There is a wide range of appropriate and typical body fat percentages for athletes in different sports. Decathletes have a typical body fat percentage of 8 to 10%, which is classified as very lean. Male athletes with extremely lean body fat percentages (below 7%) include bodybuilders when prepped for a contest. 

Male athletes with the highest typical body fat percentages (18 to 22%) include American football linemen and track and field throwers that compete in the shot put.

58.

When spotting an athlete during a max effort hang clean, what is the most crucial thing the spotter should watch for?

  • No spotter is needed for this movement

  • Hyperextension of the athlete's lumbar spine

  • Valgus collapse of the athlete's knees

Correct answer: No spotter is needed for this movement

Spotting is crucial during 1RM testing for many exercises. However, power movements, such as the power clean, should not be spotted. Athletes performing max testing in the power clean (and other related power movements) must be taught how to "miss" a lift safely.

If an athlete fails at a power clean attempt, they need to be able to push the bar forward and drop the bar while moving themselves out of the way of the falling barbell.
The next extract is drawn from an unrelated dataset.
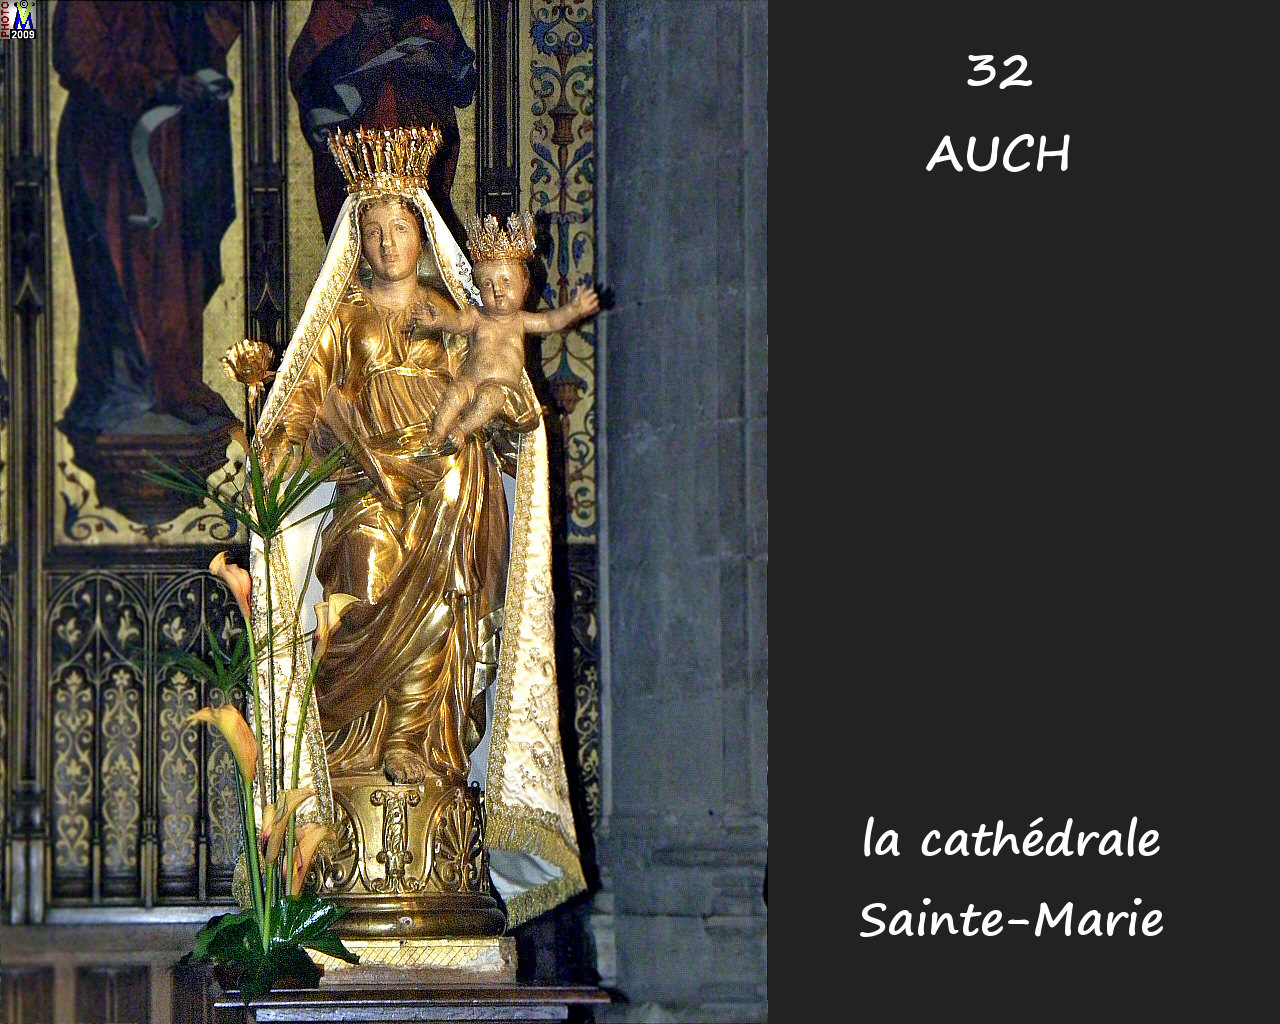 32AUCH_cathedrale_260.jpg

In addition, the area around the athlete must be kept clear to keep the lifting athlete and all others safe.

59.

Complex training refers to the combination of which two types of training?
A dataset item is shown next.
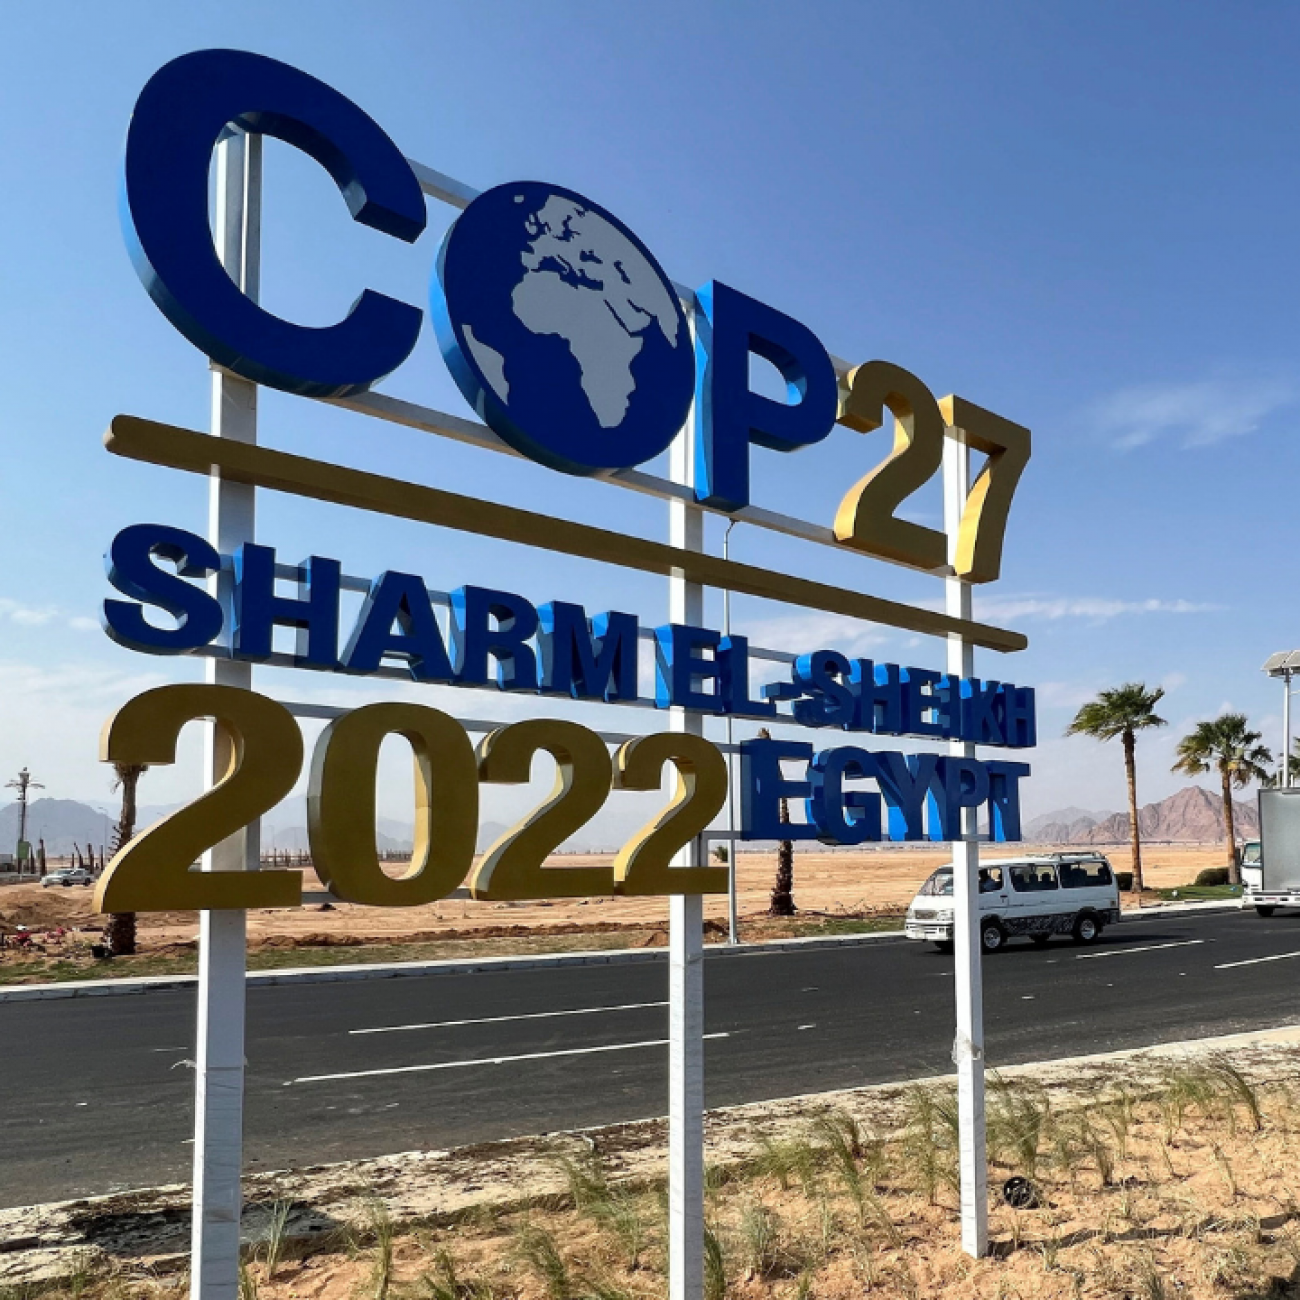 View of a COP27 sign on the road leading to the conference area in Egypt's Red Sea resort town of Sharm el-Sheikh as the city prepares to host the COP27 climate summit, in Sharm el-Sheikh, Egypt, on October 20, 2022.

  • SSC tasks and heavy resistance exercises

  • Resistance training and speed drills

  • Power exercises and recovery exercises

  • Sprints and distance running

Correct answer: SSC tasks and heavy resistance exercises

Complex training refers to the combination of Stretch-Shortening Cycle (SSC) tasks and heavy resistance exercises. 

This training approach leverages the benefits of both high-load strength training and explosive plyometric exercises to enhance power and performance. The principle behind complex training is to perform a heavy resistance exercise, such as a squat or bench press, followed by an explosive movement that uses similar muscle groups, like a jump or medicine ball throw. This sequence takes advantage of a phenomenon known as postactivation potentiation, where the heavy lift temporarily increases the muscle's ability to generate power during the subsequent plyometric exercise, leading to improvements in explosive strength and athletic performance.
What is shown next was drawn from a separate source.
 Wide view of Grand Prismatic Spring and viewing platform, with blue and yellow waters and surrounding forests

Other combinations of training, while beneficial for various aspects of fitness, do not define complex training:

  • Resistance Training and Speed Drills: This combination focuses on building muscle strength and enhancing speed through drills designed to improve quickness and agility. While beneficial for overall athletic performance, this pairing does not specifically constitute complex training.
  • Power Exercises and Recovery Exercises: Power exercises aim to improve explosive strength, while recovery exercises focus on promoting muscle recovery and reducing the risk of injury. Although both are important in a balanced training program, they do not form the basis of complex training.
  • Sprints and Distance Running: This combination develops speed and endurance by incorporating high-intensity sprinting with longer, more sustained running efforts. While this approach can enhance cardiovascular fitness and running performance, it does not align with the principles of complex training.

Complex training is a specialized method designed to maximize power development by strategically pairing heavy resistance exercises with SSC tasks, making it particularly effective for athletes looking to improve their explosive capabilities.

60.

An athlete needs to stretch her gluteus maximus and iliopsoas muscles. Which of the following static stretches would be the most appropriate?

  • Forward lunge (fencer) and supine knee flex

  • Semi leg straddle and sitting toe touch

  • Butterfly and wall stretch

Correct answer: Forward lunge (fencer) and supine knee flex

The muscles stretched in the forward lunge, also known as the fencer, include the iliopsoas and the rectus femoris.

The hip extensors, gluteus maximus, and hamstrings are stretched in the supine knee flex, where the athlete lies on their back and pulls their knee toward their chest with a bent leg.